A cheap thing to do in order to increase performance is get an aftermarket cooler and overclock your Q6600
I did not say he should do it instead of buying a better GPU. I did not make any claims to curing cancer. It will give gains in many areas with little effort and cash. I also did not say a 300MHz overclock. 400-600. With a 25% overclock there will be noticeable gains in performance in many applications. Simple aplications like Exel would see about 15% performance increase, WinRar over 10%, Photoshop about 15%, Movie maker about 15%, and a multitude of other applications. It would also be a huge boost for any anti virus software, and improve most other applications by about 15%.

You made stuff up stuff I never said, and then found fault in claims I never made. Congrats.

Edit: Here you go. Just found this. I was off on some applications, but actually to the conservative end.

tabelle_q6600_oc.gif


Hmm, almost 19% increase for a 25% overclock. Thanks for trying to prove something I never said wrong, and then being wrong in what you say.

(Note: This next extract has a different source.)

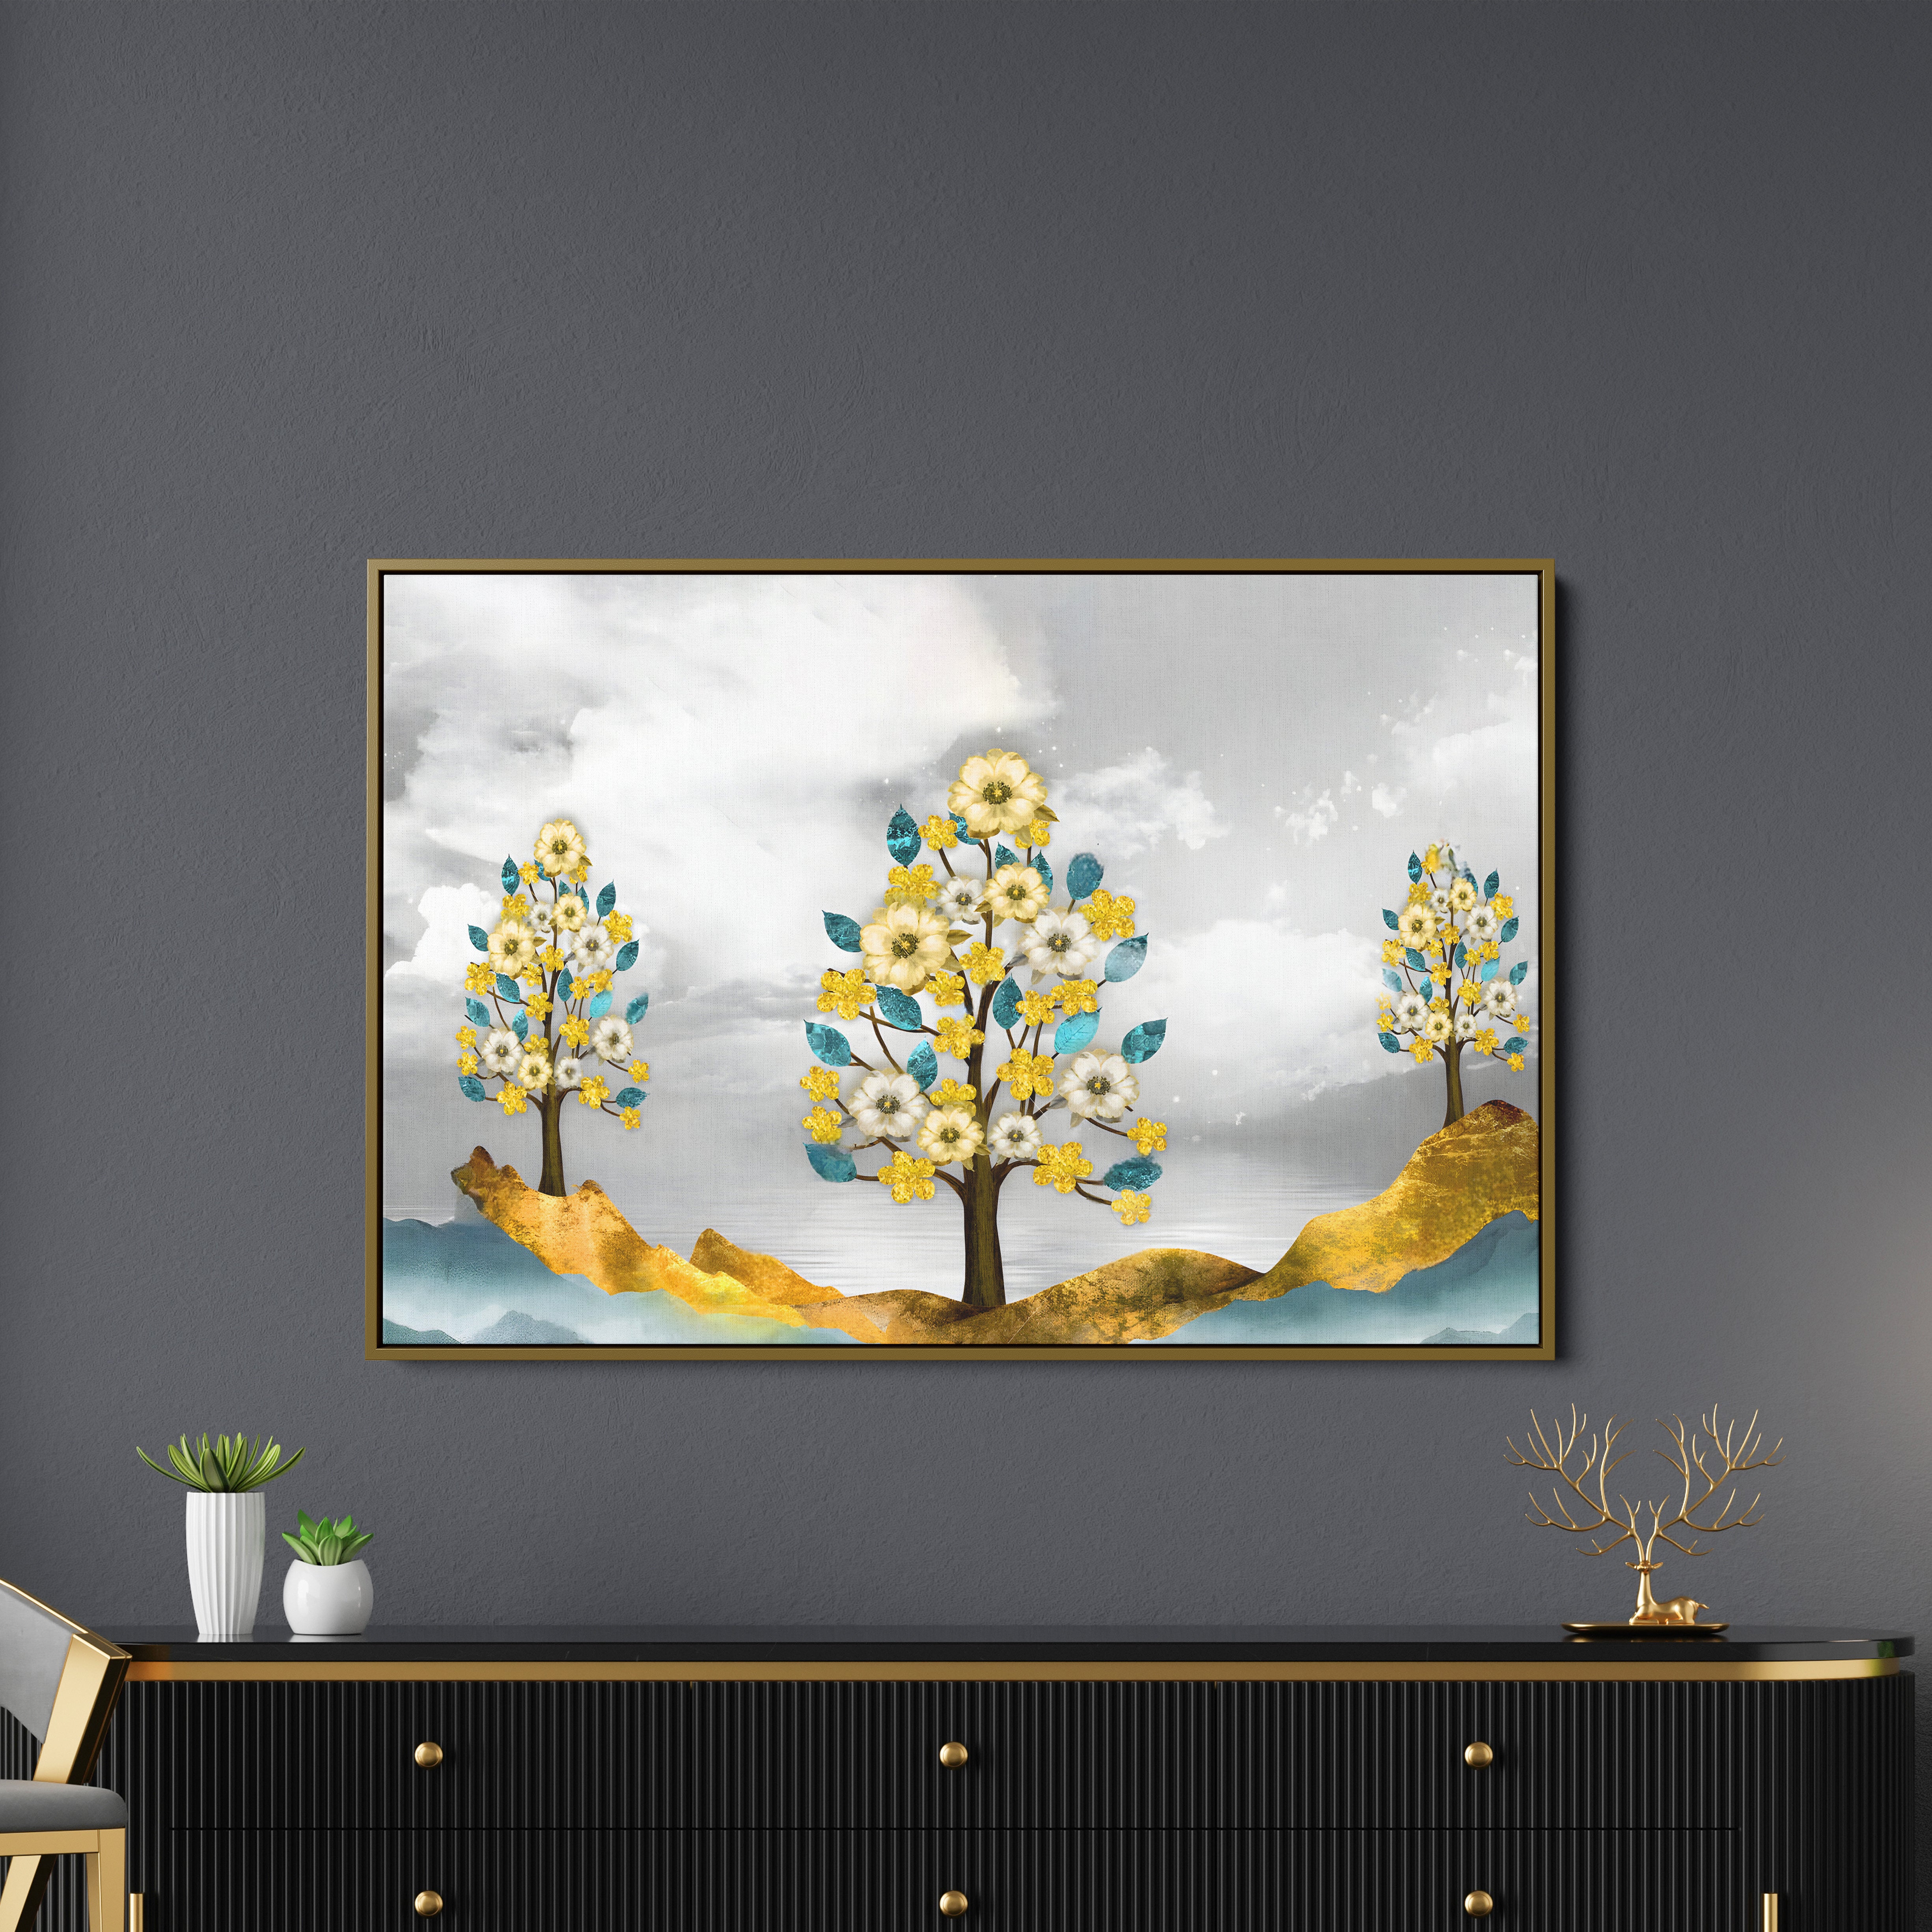 Unique Golden Trees Wall Painting

Overclocking Yields 25% Performance Increase - Review Tom's Hardware : Overclocking: Dual- vs. Quad-Core CPUs

Note, they did use a 8800 GTX which is pretty powerful so the gaming gains would not be as large as compared to using 8500GT or 9600GT or other lower end video card (but will see gains from overclock the better video card he gets, and a 9600GT is not that far off from a 8800GTX). Yet the other applications will see similar increases in performance.

In other words, a cheap thing to do in order to increase performance is get an aftermarket cooler and overclock your Q6600. Hmm, something tells me I already said that.